PROCESS OPTIMISATION AND CHARACTERISATION OF FRAGRANCE SUITED MECHANICALLY EXPRESSED NIGERIAN LIME SEED OIL
DOI:
https://doi.org/10.4314/njt.372.1665Keywords:
Pollution, waste management, optimization, seed oils, GC-MSAbstract
This study determined the optimal process parameters for the extraction of Lime (Citrus aurantifolia) Seed Oil (LSO) for fragrance production. A Box Behnken Design (BBD) of Response Surface Methodology (RSM) was used to design the LSO extraction using hydraulic press.
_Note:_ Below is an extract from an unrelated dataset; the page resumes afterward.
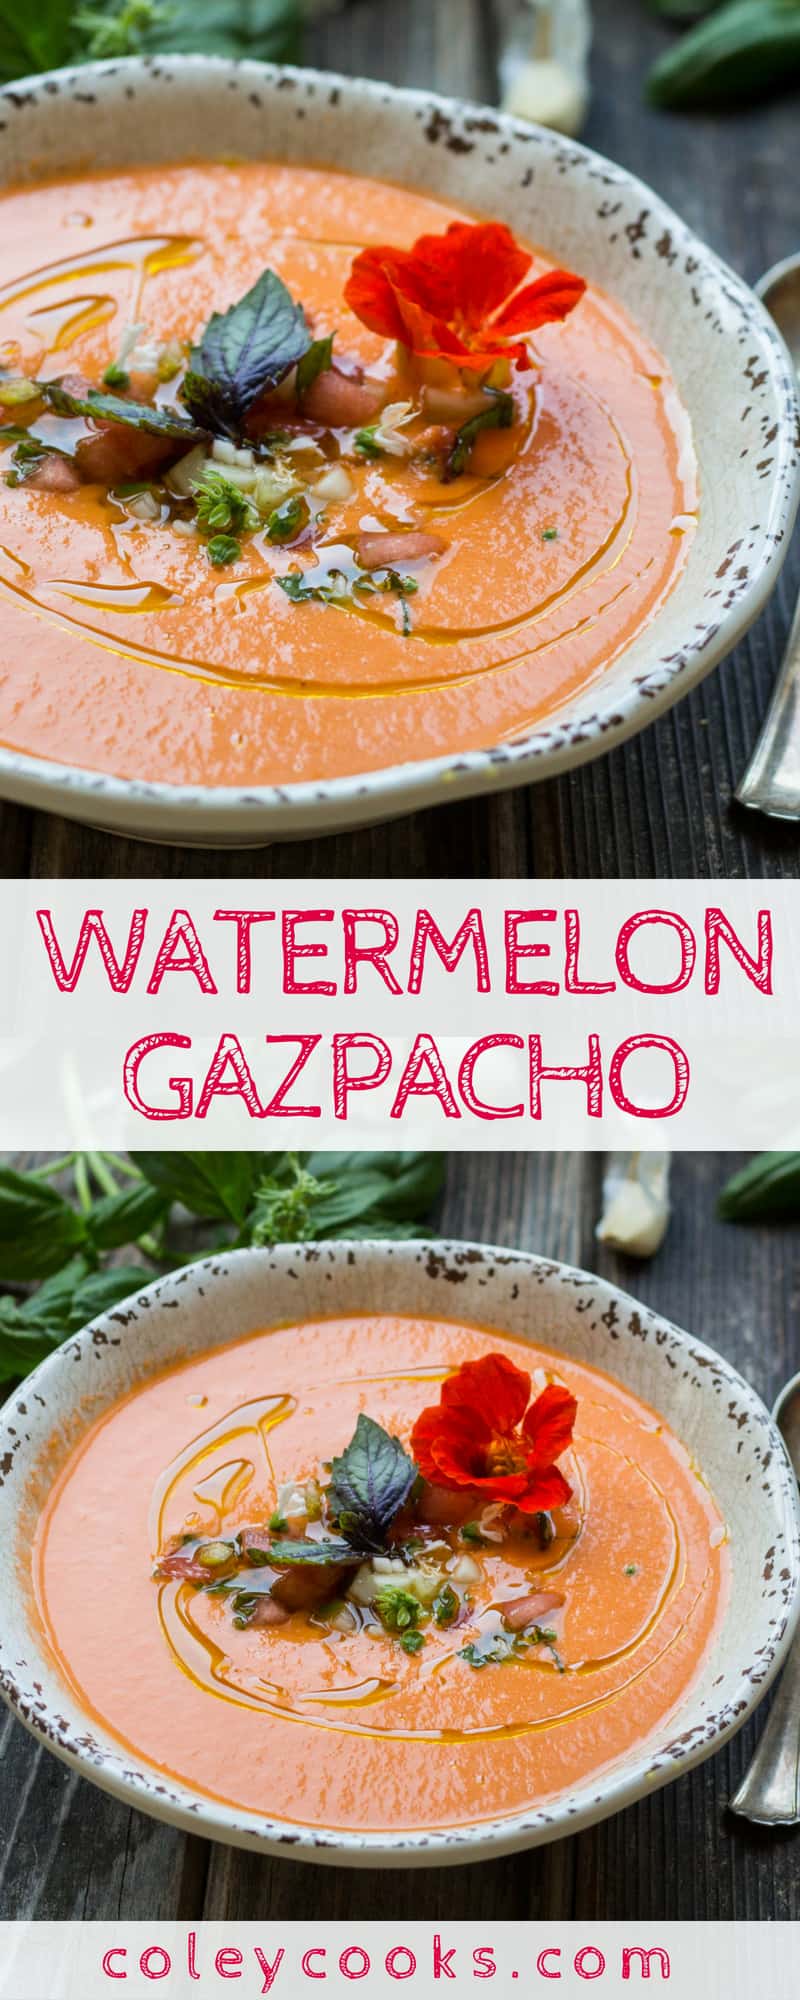 WATERMELON GAZPACHO| Easy vegan gazpacho recipe! Silky smooth, perfectly balanced, insanely delicious on a hot summer day! #summer #soup #watermelon #gazpacho #vegan #plantbased #recipe | ColeyCooks.com

The effect of various combinations of temperature, heating time and pressing time on oil yield, specific gravity, acid value, saponification value, FFA, Iodine and peroxide values were investigated. The oil produced was analysed using Gas Chromatography – Mass Spectrophotometer (GC-MS). The R2 -values of models ranged between 0.998 and 0.999 and adjusted R2 between 0.994 and 0.998. A maximum of 29.21 % of LSO yield was obtained with specific gravity (0.861), acid value (2.86 mg KOH/g); saponification value (185.3 mg KOH/g), FFA (? 1.43 %), Iodine value (107.8 g I2/100 g) and peroxide value (15meq/kg) at the optimal process parameters of 83oC, 8 min and 7 min temperature heating and pressing time respectively. The physico-chemical analysis of the lime seed oil indicated that the oil could be used for fragrance.